The Government, on Tuesday, gave freedom to sugar factories to sell their open market quota.

Mills have now been given a free sale quota covering a period of six months, against the existing practice of fixing the quantity to be sold every month.

On Tuesday, the Government released 10.4 million tonnes sugar for April to September, which mills can freely dispose of any time during these six months.

In other words, they do not have to wait for quotas to be fixed every month.

While this is certainly a move towards decontrol of the sugar industry, it has, however, also raised questions.

“When there is already talk of the Government dispensing with the release mechanism altogether along with freeing the industry from levy obligation, why have they announced this piecemeal measure?

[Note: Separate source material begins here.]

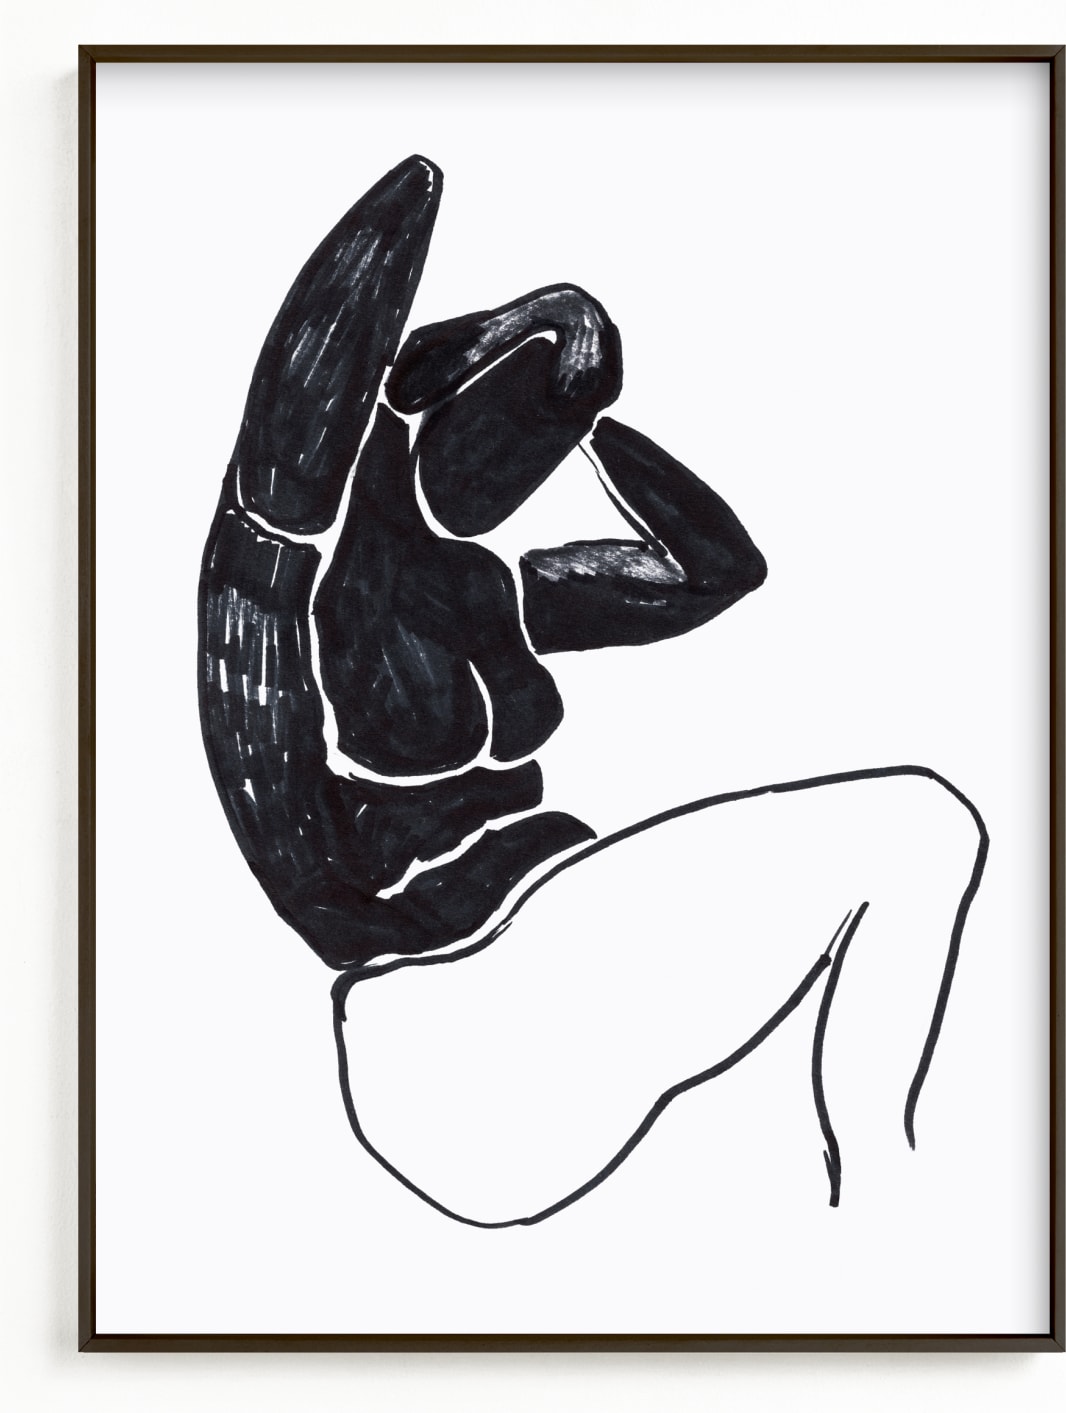 This is a white art by Oana Prints called Sitting nude.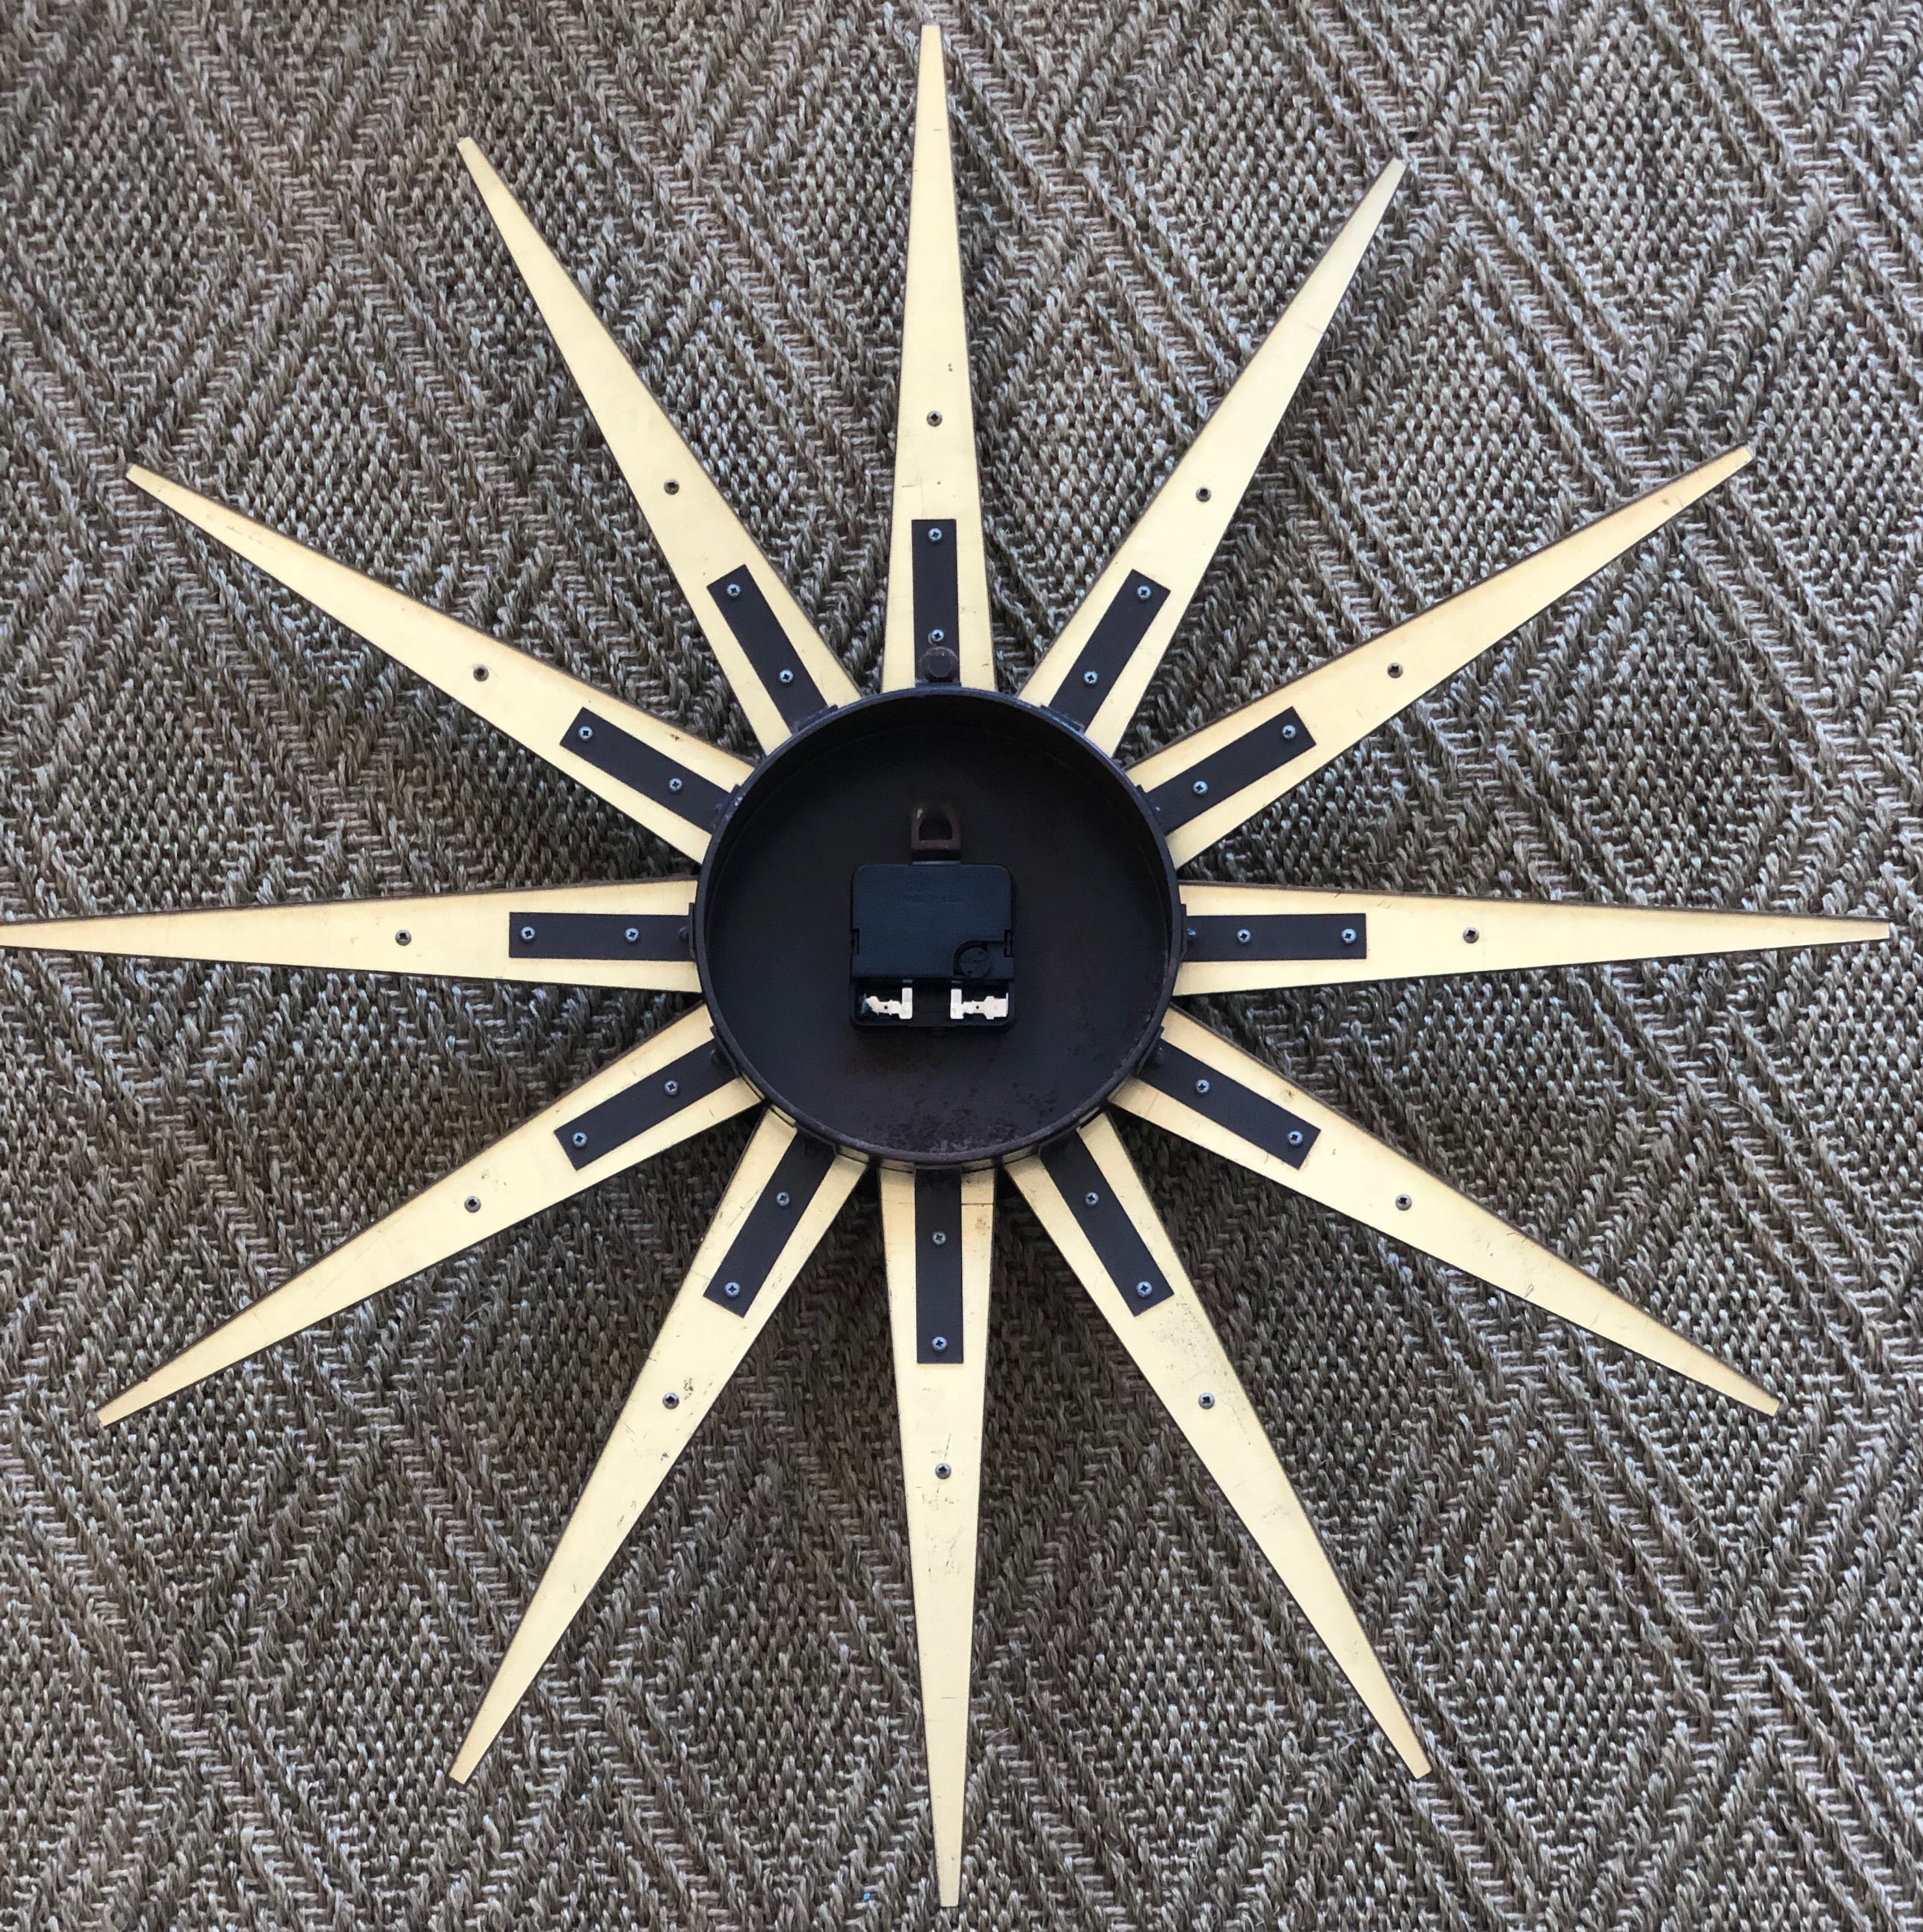 Mid-Century Starburst Wall Clock by Welby Division. Made in USA.

Does it mean decontrol is off for the moment, despite Food Minister K.V. Thomas saying that it will be taken up by the Cabinet on Thursday,” an industry observer said.

There are others who feel the proposed de-control will anyway take off only from the sugar year starting October 2013.

To that extent, allowing a six-month release window for April-September could prepare the industry toward a decontrolled regime.

“A longer-period quota could possibly help millers prepare how to handle their inventories in a de-controlled scenario” a UP-based miller said.

Also, the fact that the Government has said “there would be no conversion of unsold non-levy quota into levy quota during the period of current release that is from April-September”, is an indication that decontrol has virtually taken place vis-à-vis the release mechanism.

The 10 per cent levy can only go for the sugar that gets produced from October onwards, he added.

An official statement on Tuesday said “The sale and delivery/dispatch period for 10.4 million tonnes would be from April 1, 2013 and up to September 30, 2013, without any inter-month restrictions”.

The non-levy quota would be apportioned and released only among those sugar mills which have submitted online production returns at the time of release.

Mill-wise quota apportionment would discount the entire non-levy quota released for October 2012-March 2013 and any quantity left unsold would not be not be available for sale during the period of April-September 2013.

Welcoming the Government’s decision, the sugar industry said such a move will give flexibility to millers to plan their cash flows.

“The decision not to convert any unsold non-levy quota into levy and also not have any inter-month restrictions of six-monthly quota are important steps towards reforming the sugar sector, said Abinash Verma, Director General, Indian Sugar Mills Association (ISMA).

Following the Government decision, the sugar futures reacted negatively.

The April contract on NCDEX ended lower by a little over one per cent to close at Rs 2,915 a quintal.

Similarly, the contracts for May and June also ended lower by about one per cent each.

Typically, the summer months of April to June form the peak season for sugar, when consumption peaks on rising demand from ice cream and beverage makers rises during these months.

For the current 2012-13 sugar year ending September 30, production is expected to be 24.6 mt, against domestic demand of around 23 mt.